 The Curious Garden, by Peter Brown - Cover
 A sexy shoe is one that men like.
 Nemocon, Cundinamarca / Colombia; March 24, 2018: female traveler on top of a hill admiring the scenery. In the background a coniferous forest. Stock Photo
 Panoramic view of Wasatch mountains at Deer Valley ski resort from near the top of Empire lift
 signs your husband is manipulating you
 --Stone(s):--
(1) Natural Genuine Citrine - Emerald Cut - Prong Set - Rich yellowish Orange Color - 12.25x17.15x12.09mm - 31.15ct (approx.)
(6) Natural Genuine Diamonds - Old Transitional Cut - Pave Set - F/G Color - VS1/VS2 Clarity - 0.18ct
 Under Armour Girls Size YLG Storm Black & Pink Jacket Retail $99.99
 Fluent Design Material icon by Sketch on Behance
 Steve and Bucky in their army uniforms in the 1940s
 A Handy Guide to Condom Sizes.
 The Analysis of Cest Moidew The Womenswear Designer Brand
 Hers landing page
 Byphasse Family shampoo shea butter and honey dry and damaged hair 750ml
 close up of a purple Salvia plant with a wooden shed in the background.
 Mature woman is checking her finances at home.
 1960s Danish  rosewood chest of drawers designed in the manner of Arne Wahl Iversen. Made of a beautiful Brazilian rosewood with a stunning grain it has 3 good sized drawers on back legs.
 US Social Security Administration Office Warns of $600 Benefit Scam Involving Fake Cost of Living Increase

================================

# Problem details:
Copy the stretch of the records above that runs from the line with "Under Armour Girls" through the line with "The Analysis of". Both end lines belong in the copy, and nothing else does.

# Task output:
 Under Armour Girls Size YLG Storm Black & Pink Jacket Retail $99.99
 Fluent Design Material icon by Sketch on Behance
 Steve and Bucky in their army uniforms in the 1940s
 A Handy Guide to Condom Sizes.
 The Analysis of Cest Moidew The Womenswear Designer Brand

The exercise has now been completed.